## Diagram: 4-Token Prediction Architecture
### Overview
The diagram illustrates a multi-head architecture for 4-token prediction tasks. Inputs are processed through a shared layer, then distributed across four specialized heads (Head 1–4). Each head predicts a subset of tokens (2–8), with some tokens discarded at inference or used to accelerate the model up to 3× speed.
### Components/Axes
- **Inputs**: Labeled 1–4, feeding into the shared layer.
- **Shared Layer**: Central processing unit for all heads.
- **Heads**:
- Head 1: Predicts tokens 2–4.
- Head 2: Predicts tokens 2–5.
- Head 3: Predicts tokens 3–6.
- Head 4: Predicts tokens 4–7.
- **Tokens**: Numbered 1–8, with tokens 2–8 distributed across heads.
- **Discarded Tokens**: Tokens 5–8 (Head 1), 6–8 (Head 2), 7–8 (Head 3), and 8 (Head 4) are marked as discarded or used for speedup.
### Detailed Analysis
- **Token Distribution**:
- Head 1: Tokens 2–4 (no discards).
- Head 2: Tokens 2–5 (discards 6–8).
- Head 3: Tokens 3–6 (discards 7–8).
- Head 4: Tokens 4–7 (discards 8).
- **Legend**: Discarded tokens (pink) or speedup tokens (green).
### Key Observations
- **Token Overlap**: Heads share overlapping token ranges (e.g., token 4 is processed by all heads).
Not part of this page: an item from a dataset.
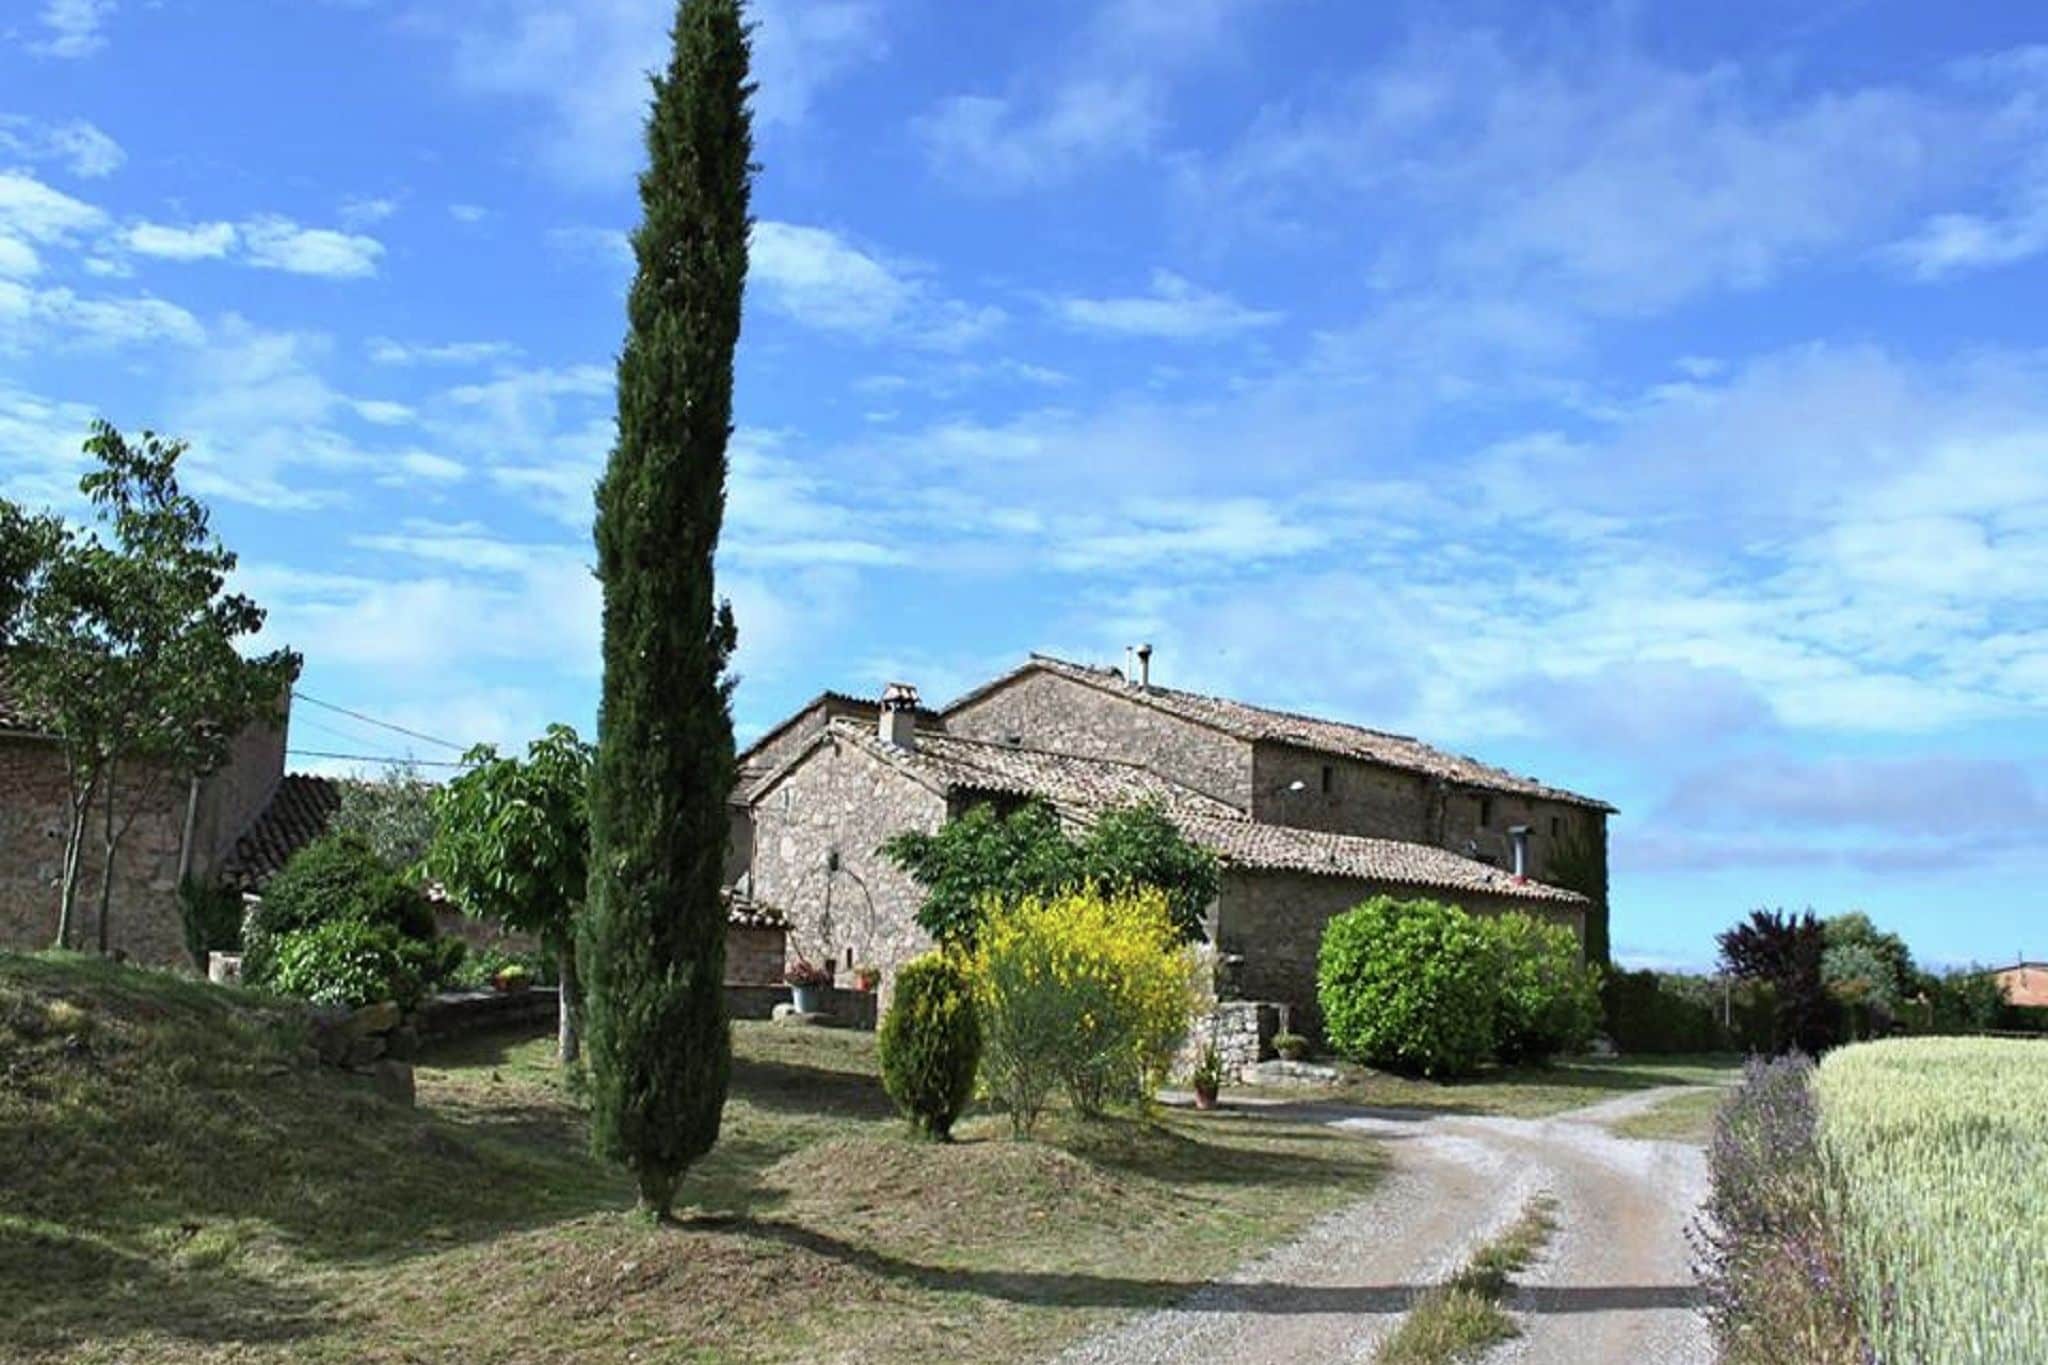 Catalaans landhuis in een klein dorpje dichtbij Montmajor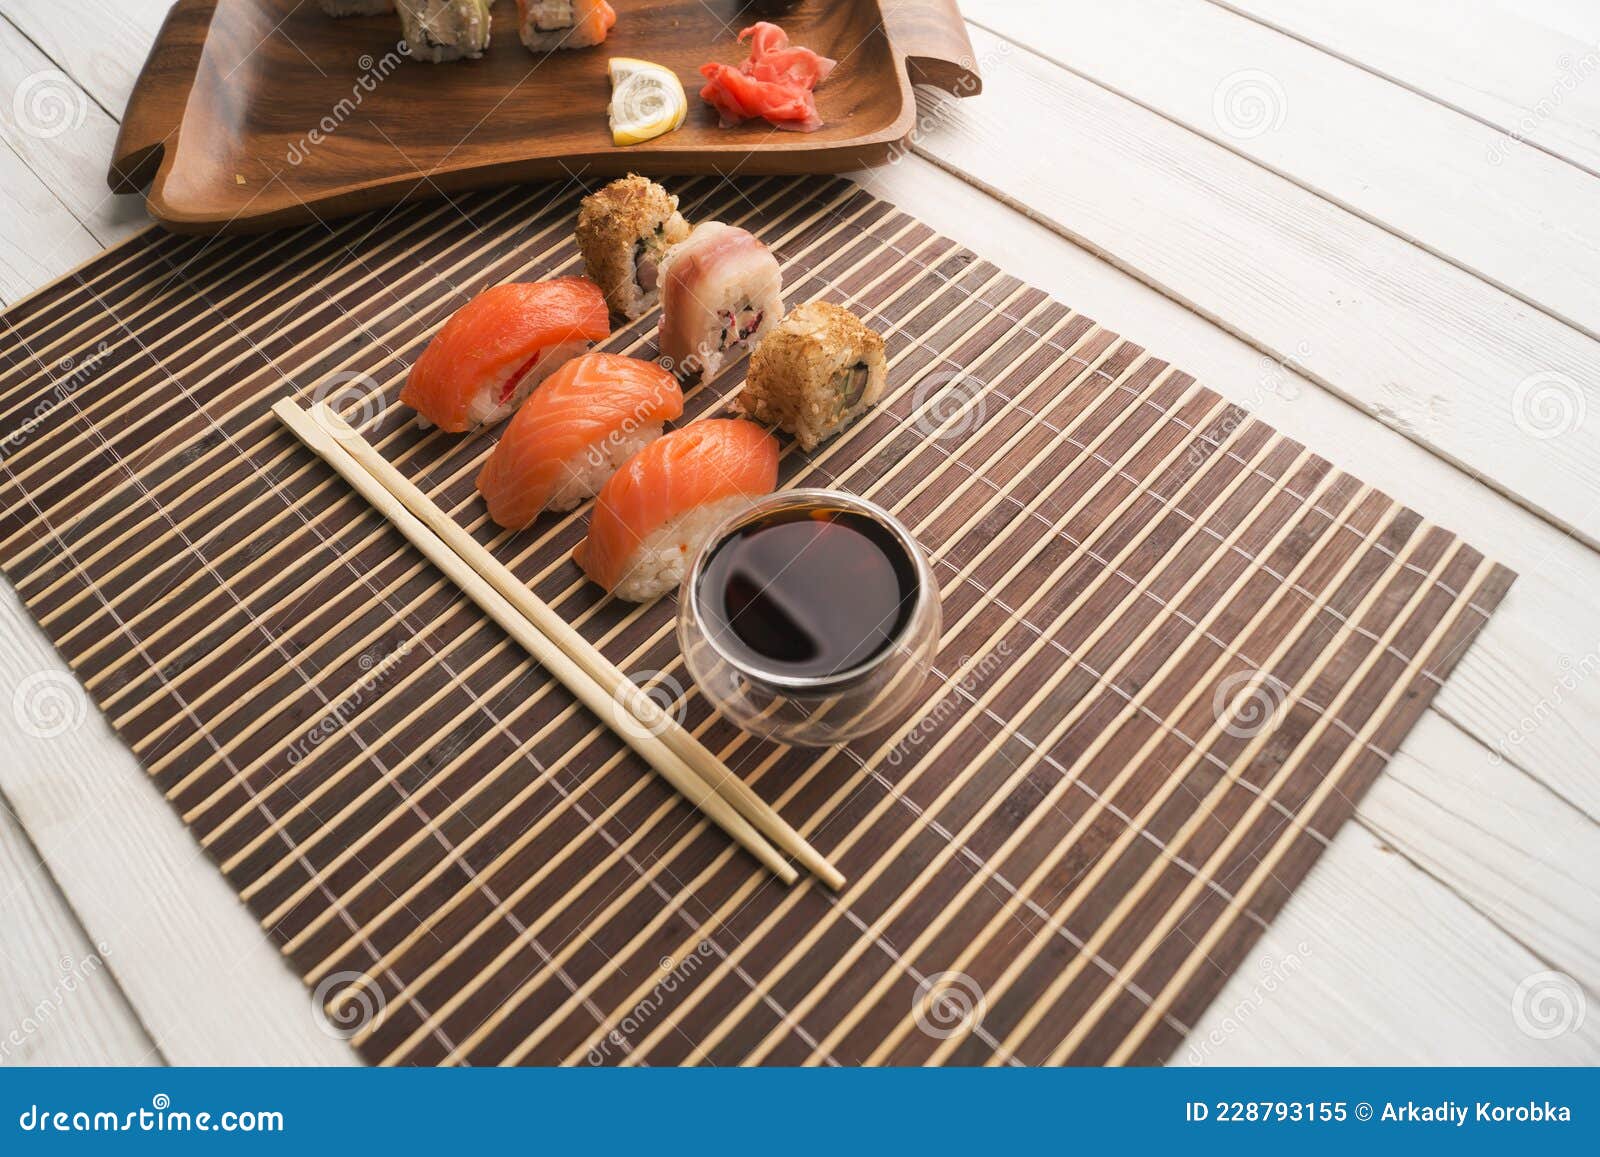 用筷子将寿司卷卷在厚木板寿司卷上. 日本食品 库存图片. 图片 包括有 食物, 深深, 原始, 筷子, 板岩 - 228793151

- **Discard Strategy**: Later tokens (5–8) are progressively discarded across heads, suggesting prioritization of earlier tokens.
### Interpretation
The architecture optimizes computational efficiency by parallelizing token predictions across heads while discarding less critical tokens. This design likely reduces inference latency by up to 3×, as noted in the legend. The shared layer ensures common features are extracted before specialization, balancing accuracy and speed.
---
## Chart: MBPP Pass@1 Gains with 4-Token Prediction
### Overview
The bar chart compares performance gains (Pass@1) for models of varying sizes (0.3B–13B) using 4-token prediction versus a baseline. Larger models show significantly higher gains.
### Components/Axes
- **X-Axis**: Model size (0.3B, 0.6B, 1.3B, 3B, 6.7B, 13B).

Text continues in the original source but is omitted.